Breakfast, My Place
I care about what people think of me when they first meet me. I limit profanity to words starting with f or s. I make sure that my butt crack isn't sticking out of my slightly slutty jeans by making sure that my thong shows instead of my crack. I do not answer my phone when I am talking to someone new, but I make sure that the ring volume is all the way up. I think it makes people feel special because they know that even though someone else wants to talk to me, I am putting them first. I like to make people feel good about themselves.

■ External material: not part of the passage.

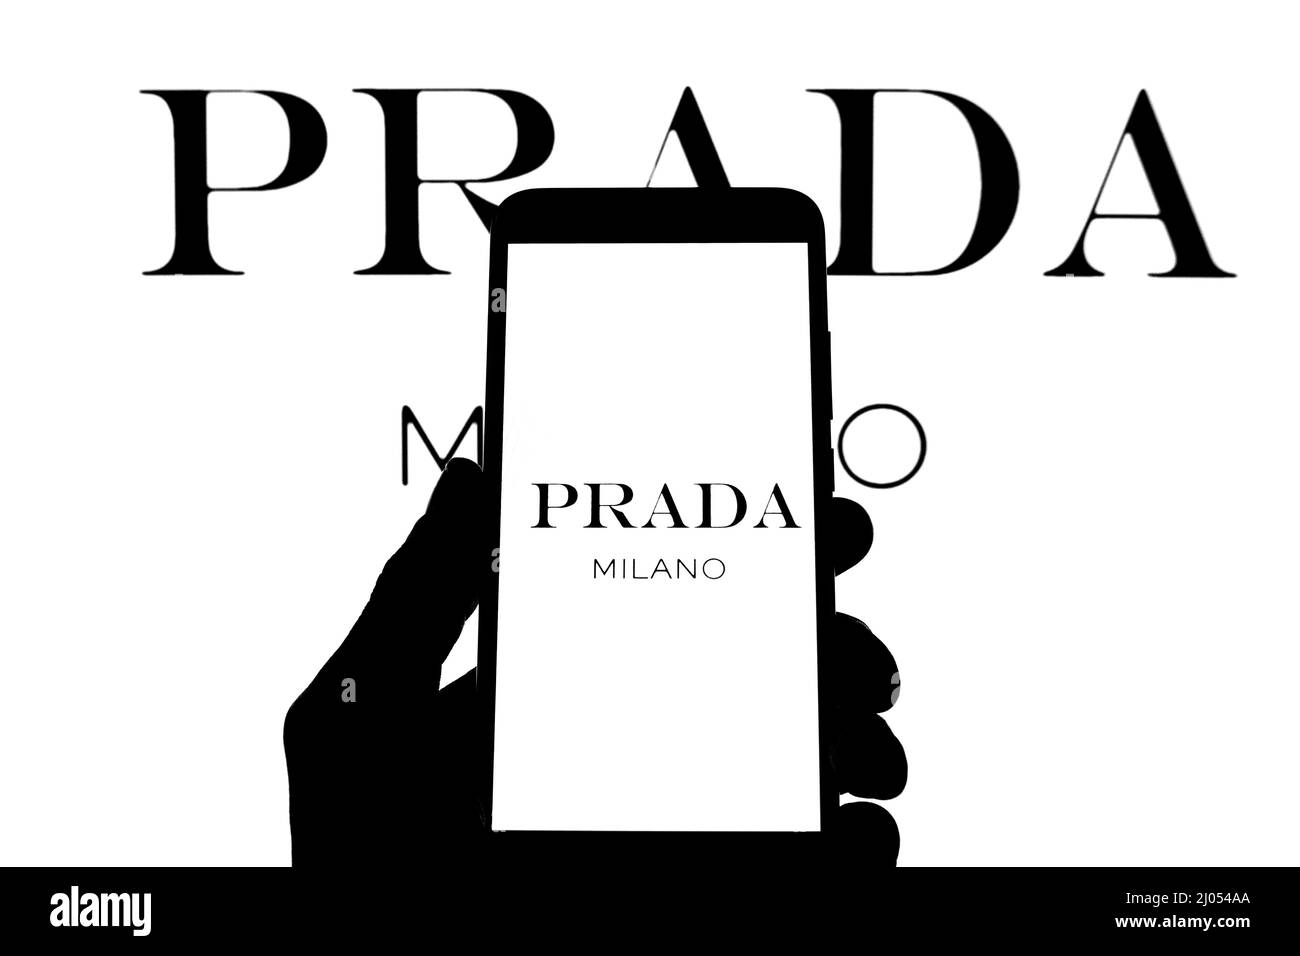 Prada logo Black and White Stock Photos & Images - Alamy
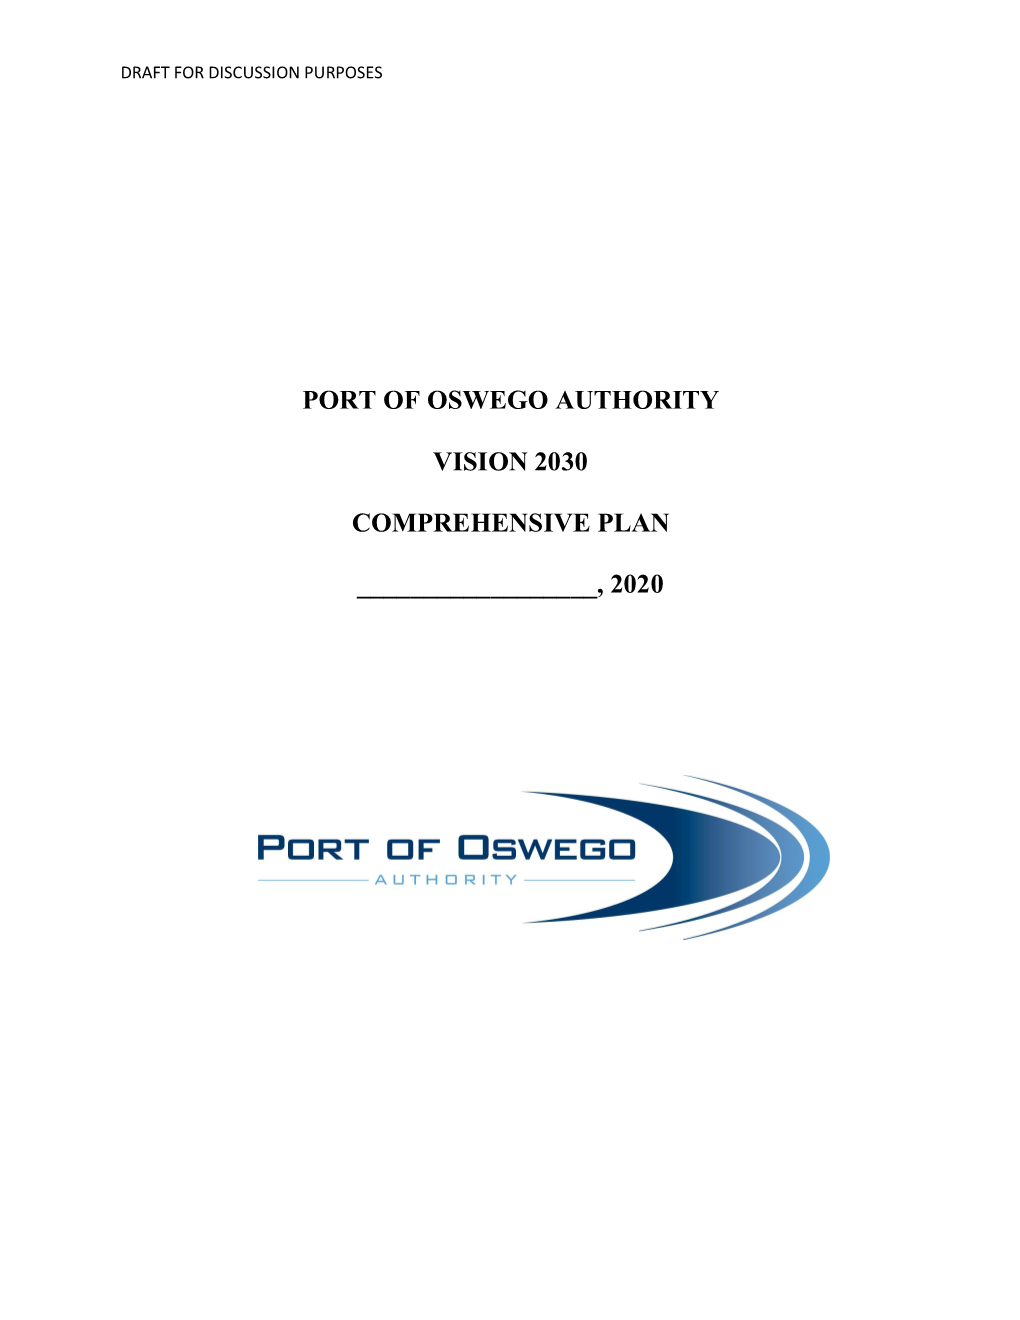 Port of Oswego Authority Vision 2030 Comprehensive

I may drop my pants or fall on my face or bring shame to my family in public on a monthly basis, but still, I care about first impressions. It's just that I'm not very good at them.
I'm also not very good at breakfast. I like a spicy Bloody Mary for breakfast. That may have something to do with how I end up ruining first impressions. I'm working on improving my breakfast habits by incorporating solid food into my morning routine.
Yesterday, I toasted a blueberry Eggo waffle and sat down on the couch to watch CNN. The day was off to a good start. I would have a solid breakfast and I would also be an informed citizen. The rest of the morning was to be simple:
1. Eat waffle.
2. Shower (deep condition, shave legs).
4. Wait for the gas man to service my furnace (that's not code for anything, I just like the way it sounds).
I never made it all the way through step one. When the gas man woke me up, I was still in my trampy shorts and tank top on the couch. CNN was still on the TV. Crumbs clung to my face. The waffle was clutched in my hand.
I screamed when I saw the gas man standing over me. That's when I realized that I had fallen asleep with a bite of waffle in my mouth.
The gas man laughed, "you look like The Hoff."
He'll never service my furnace again.